• What is needed
All the data that follows should be repeated exactly, without a single picture.

• Exercise data
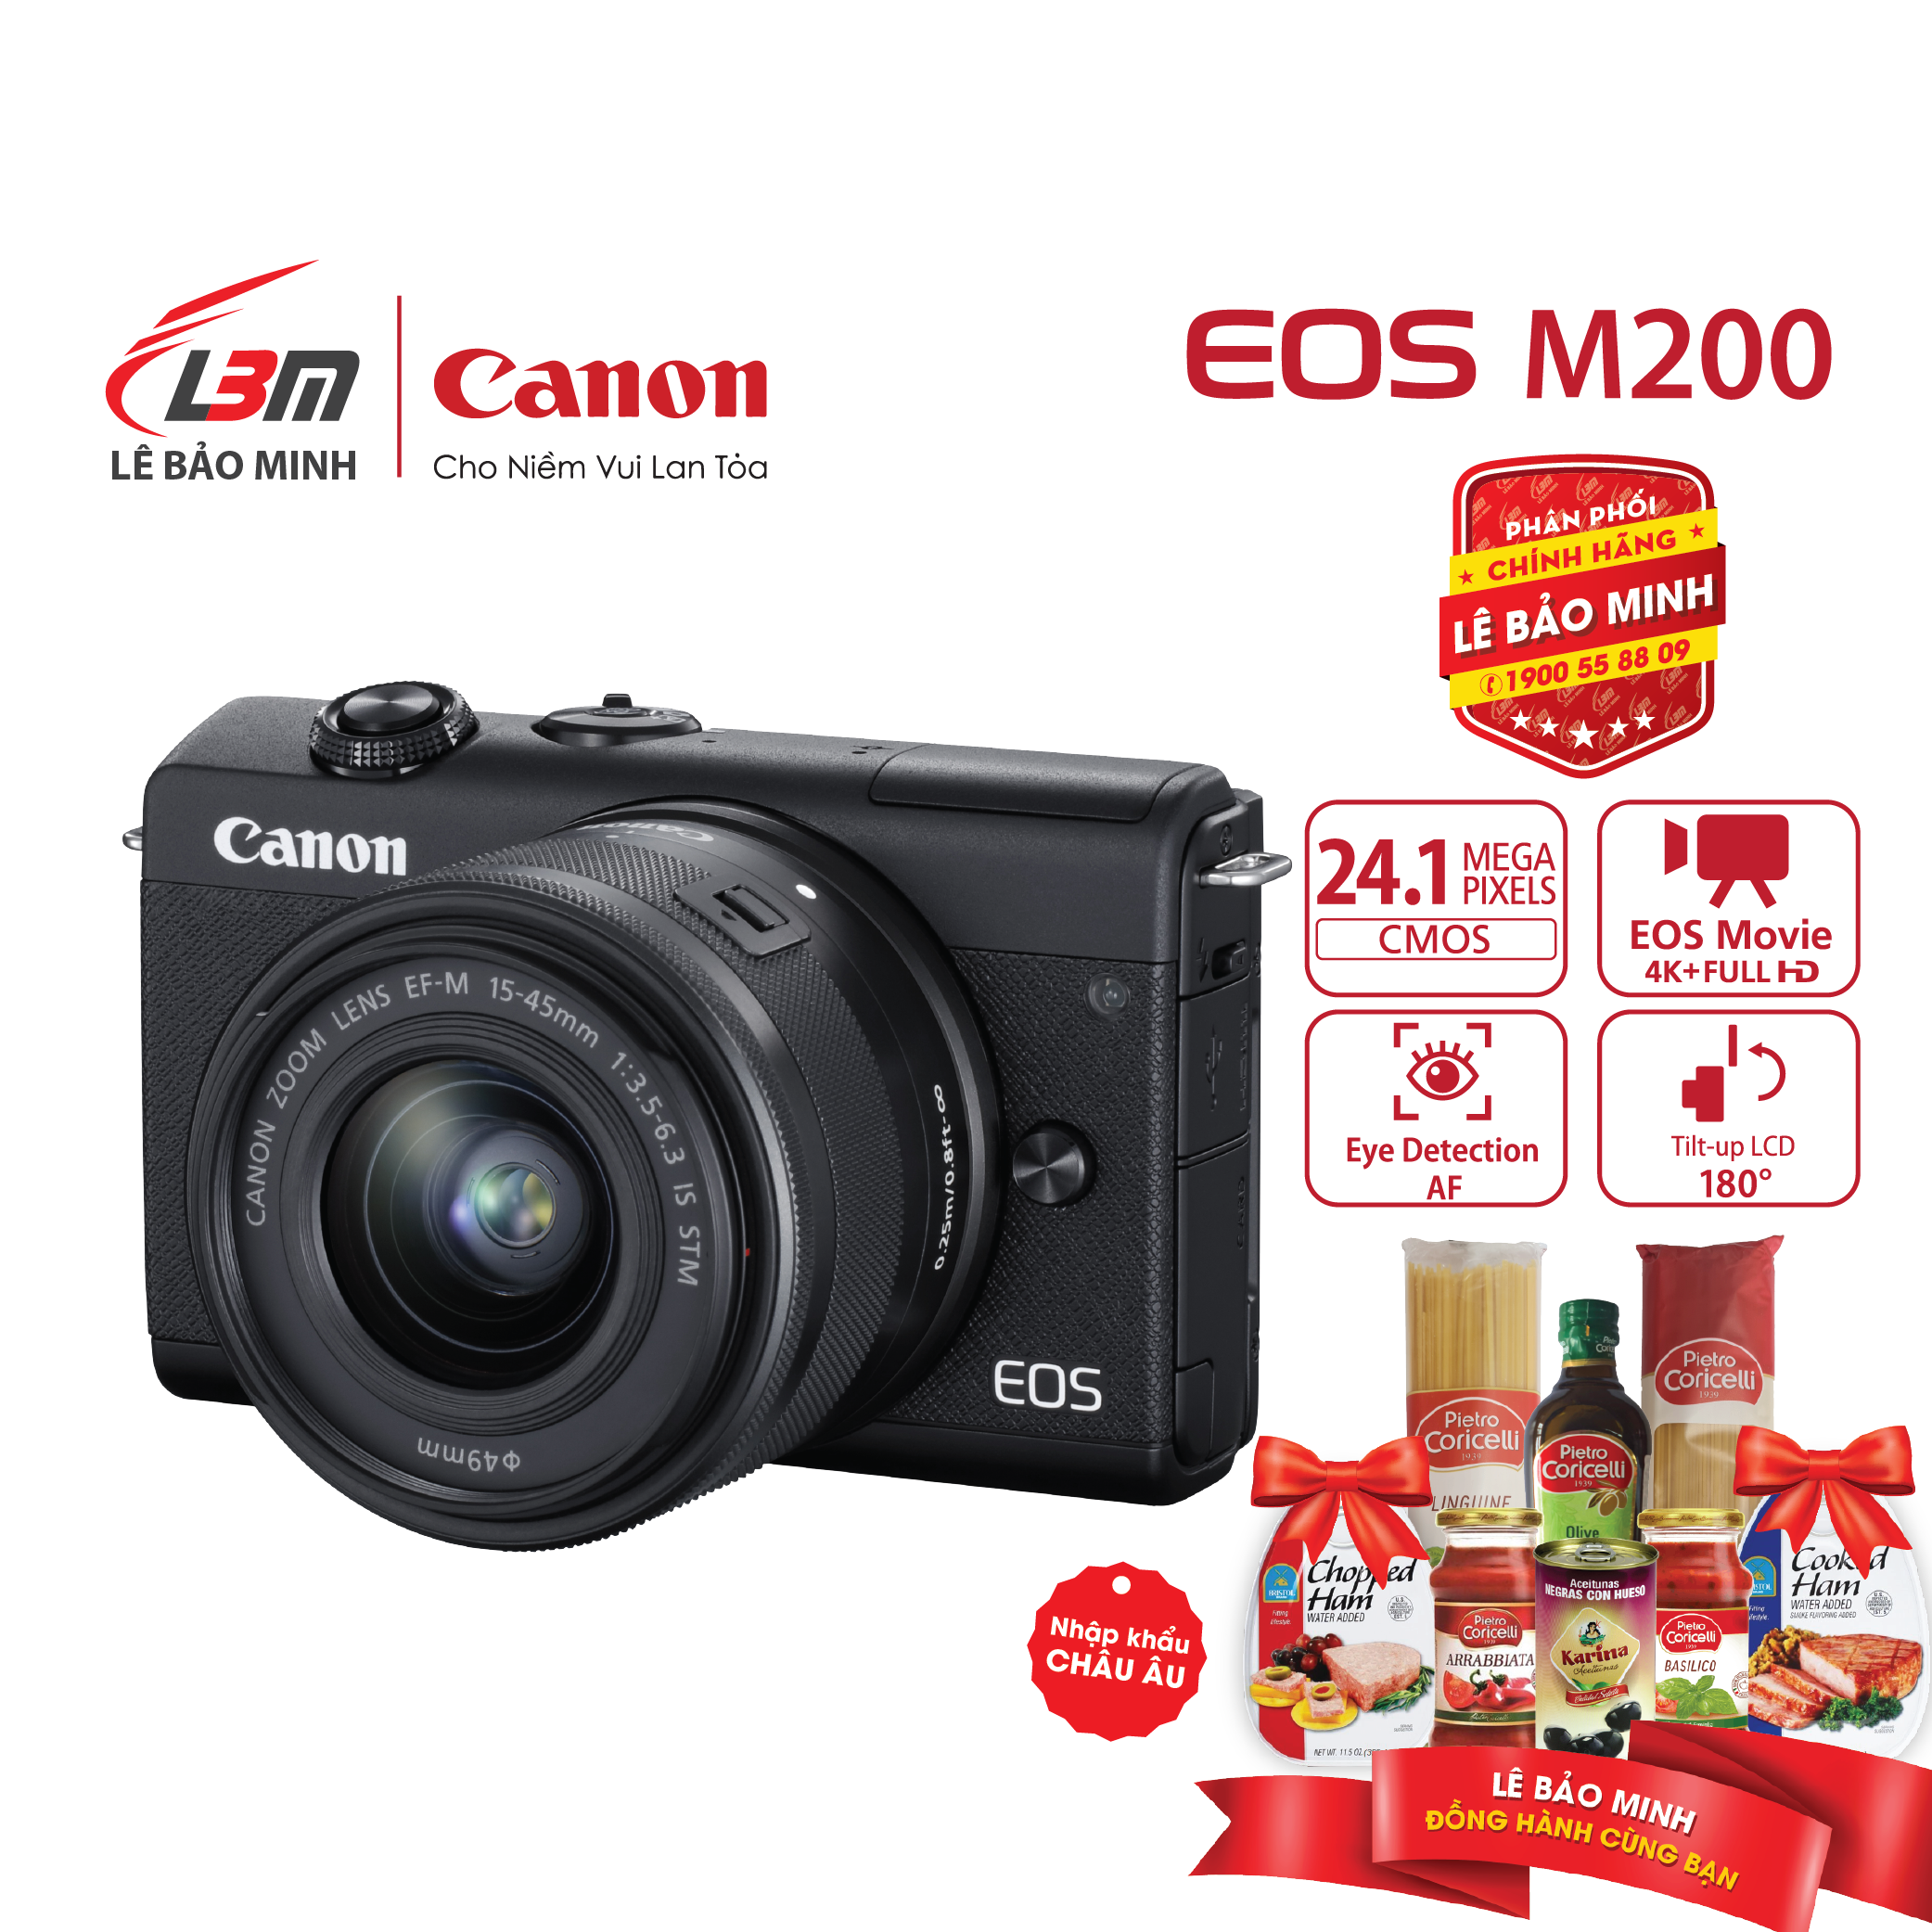 [voucher 9%]Máy ảnh Canon EOS M200 KIT EF-M15-45mm F/3.5-6.3 IS STM – Chính Hãng Lê Bảo Minh
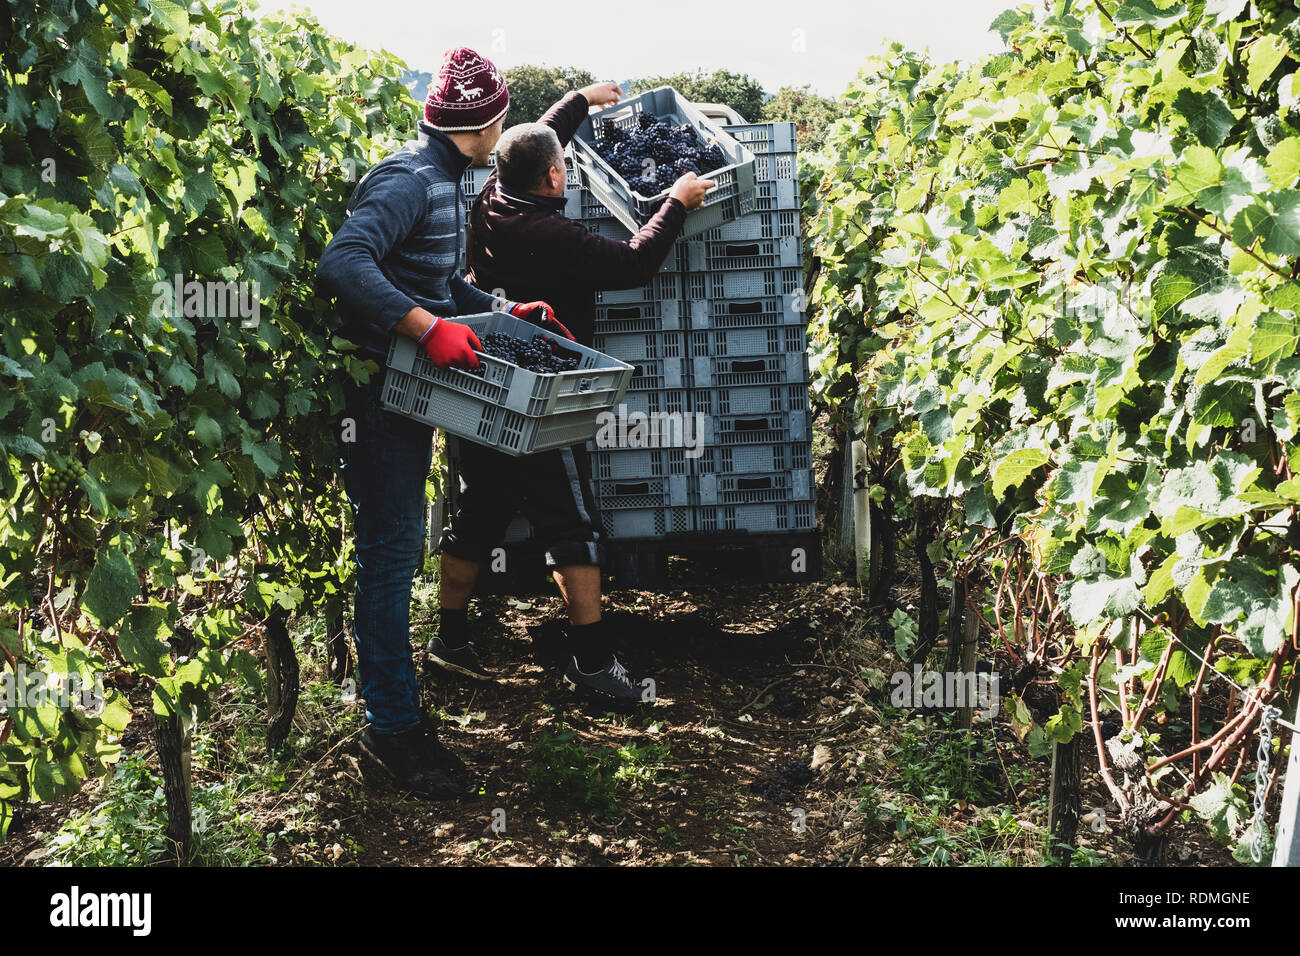 Zwei Männer stehen in einem Weinberg, Ernte Trauben von schwarzen Trauben, Stapeln grauen Kunststoffkisten. Stockfoto
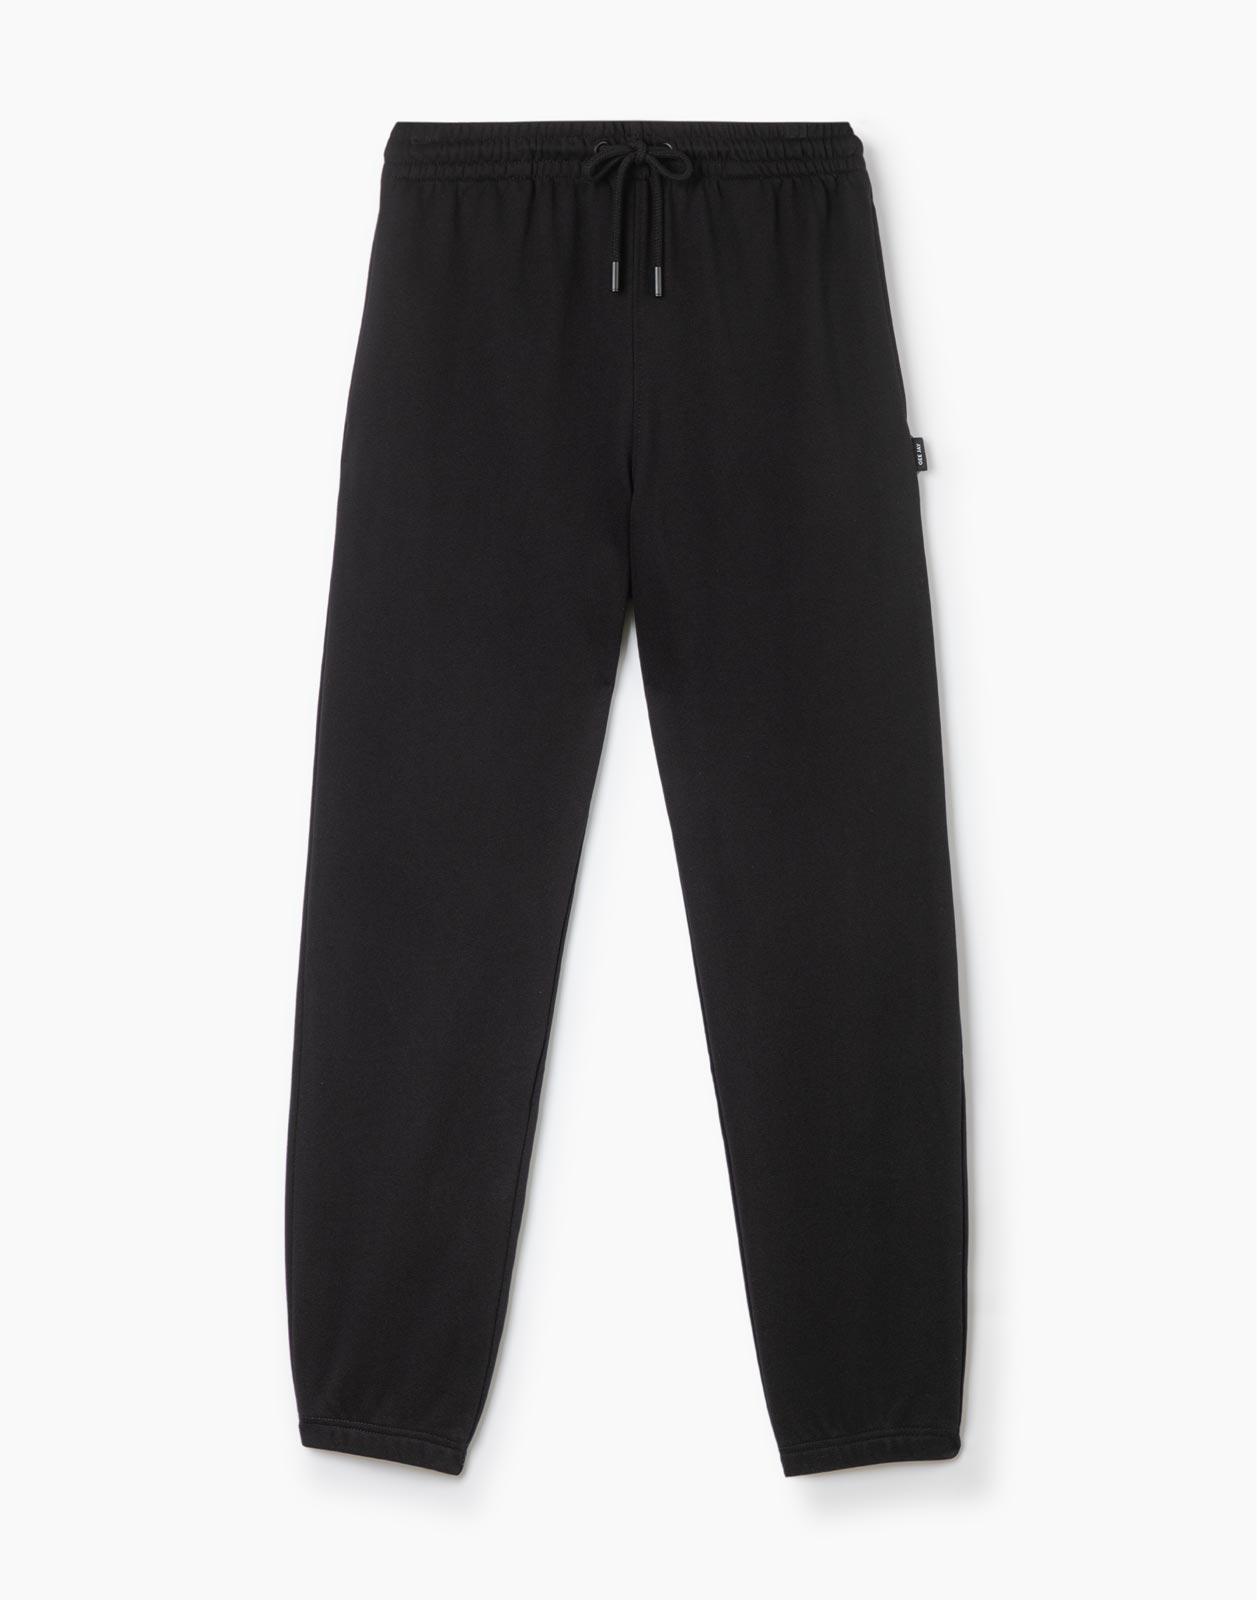 Спортивные брюки мужские Gloria Jeans BAC011399 черные 2XL/182
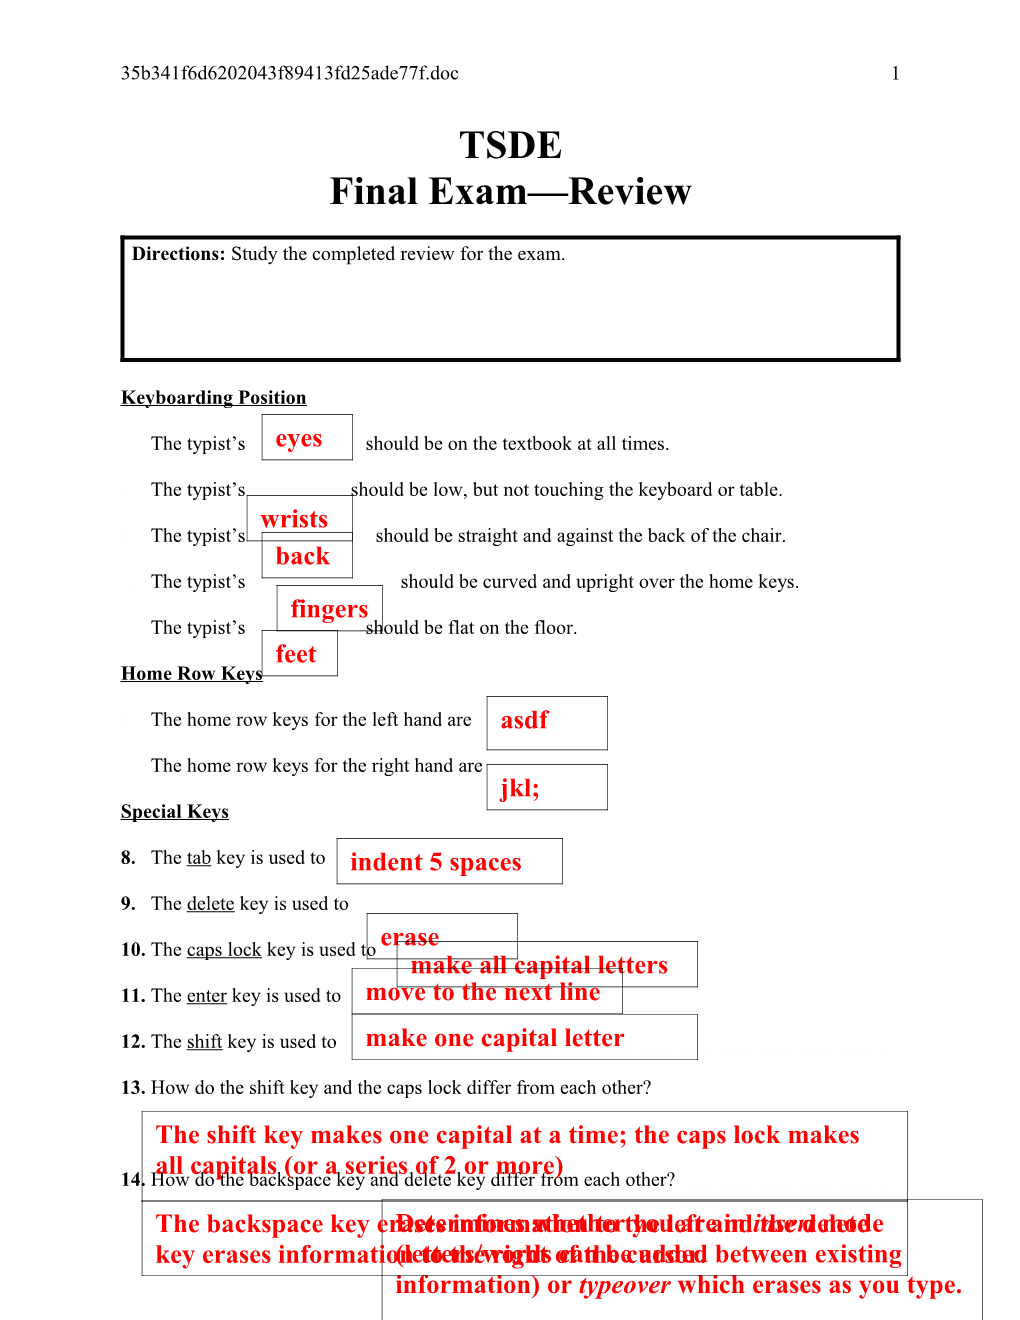 Final Exam Review-Key for Website

• Response to the exercise
 [voucher 9%]Máy ảnh Canon EOS M200 KIT EF-M15-45mm F/3.5-6.3 IS STM – Chính Hãng Lê Bảo Minh
 Zwei Männer stehen in einem Weinberg, Ernte Trauben von schwarzen Trauben, Stapeln grauen Kunststoffkisten. Stockfoto
 Спортивные брюки мужские Gloria Jeans BAC011399 черные 2XL/182
 Final Exam Review-Key for Website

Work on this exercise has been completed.